Every blessed muscle that I worked so hard since the accidents that threatened to turn me into a quadriplegic in my teens and again in my early 30s screamed to taunt me.
About the time I was able to reboot myself, I saw an older man and his workout partner. The first one was talking to me to try to get my head going again, the second had his bike shoe on my left foot's boot front wheel to stop me from sliding my leg.
I did an assay. Yes, my muscles were screaming in pain, focus was returning, however nothing was broken, my own First Aid certification from years past told me that.
These two French Canadians helped me back on my feet after too long and I was able to skate the two miles back to the Jeep and get home. They may drive strangely on our roads, but they are always helpful and polite.
When asked why did I fall I said "I was distracted by the music and I was trying to translate a song from Spanish into English".
I need to leave the Spanish tracks at home I guess. Maybe stick to instrumentals? That and pay better attention when I skate.
After all, if I can screw up that badly, then so can you.

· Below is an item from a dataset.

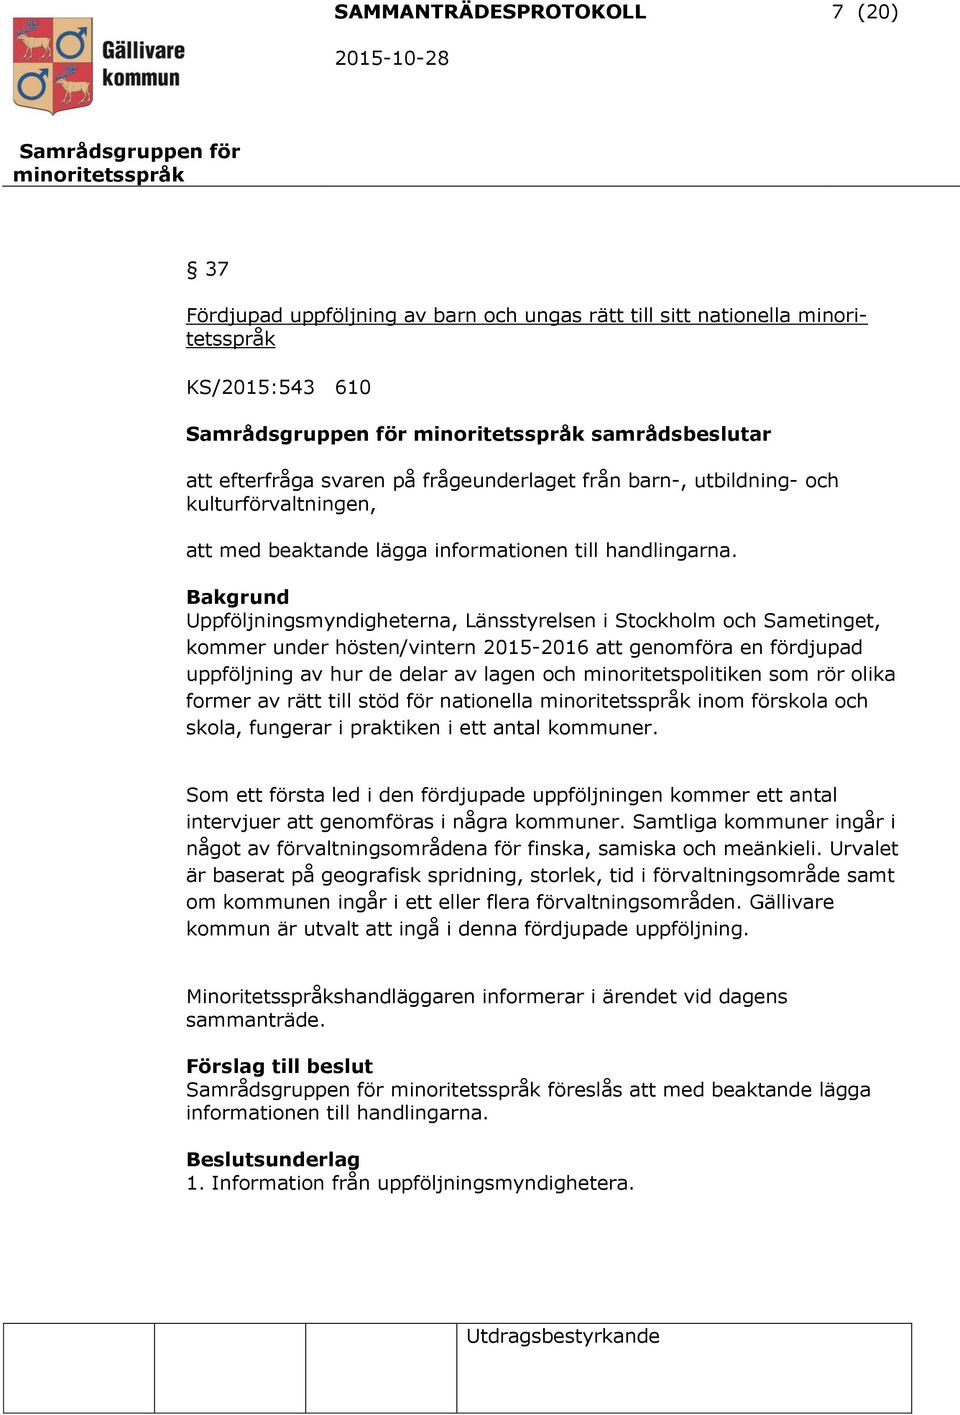 Uppföljningsmyndigheterna, Länsstyrelsen i Stockholm och Sametinget, kommer under hösten/vintern 2015-2016 att genomföra en fördjupad uppföljning av hur de delar av lagen och minoritetspolitiken som

While nothing is broken, it took me four days to get flexible enough to be able to do a full look over my own body. This was one of those falls that make you look like Nick Nolte in the first scenes of North Dallas Forty where this utterly worn out football player is shown slowly lowering himself into a tub of water while cutaway scenes of him getting slammed on a football gridiron over and over show you why you may want to consider a non impact sport.
My lower back has a deep black bruise where my body made first contact with asphalt.
Skating is non impact, unless you fall. And hey, you can get a tiddly stuck in your eye if you are too competitive in Tiddly Winks too, right?
It took four days to be fully mobile, for the muscle groups to be smooth enough that I was able to roll in bed without screaming out in agony, for my digestive tract to relax and be "regular".
Never had that happen before.
But anyone in any sport, especially at a beginners level or an elite level can injure themselves.
Take an elite level participant starting over and you just might want to leave the music off and at home.
The skates, helmet, pads, and skate pack all hit the floor. Everything but the skate boots made it into the closet. I left the skates out to tell myself I will be on the trail again. Just not today. Maybe the day after tomorrow. Maybe next week.
That's the thing. Recuperate like you need to but get on the trail. Besides, I have a 25 year old Xmas dinner to work off next time out.
A minute on your lips, a decade on your hips, a workout leaves it on the trail.
Trust me on that one. All at 100 calories per mile at my level.
So how about it? Ready for that training session? Yeah, give me about a week, I'll be starting out slow.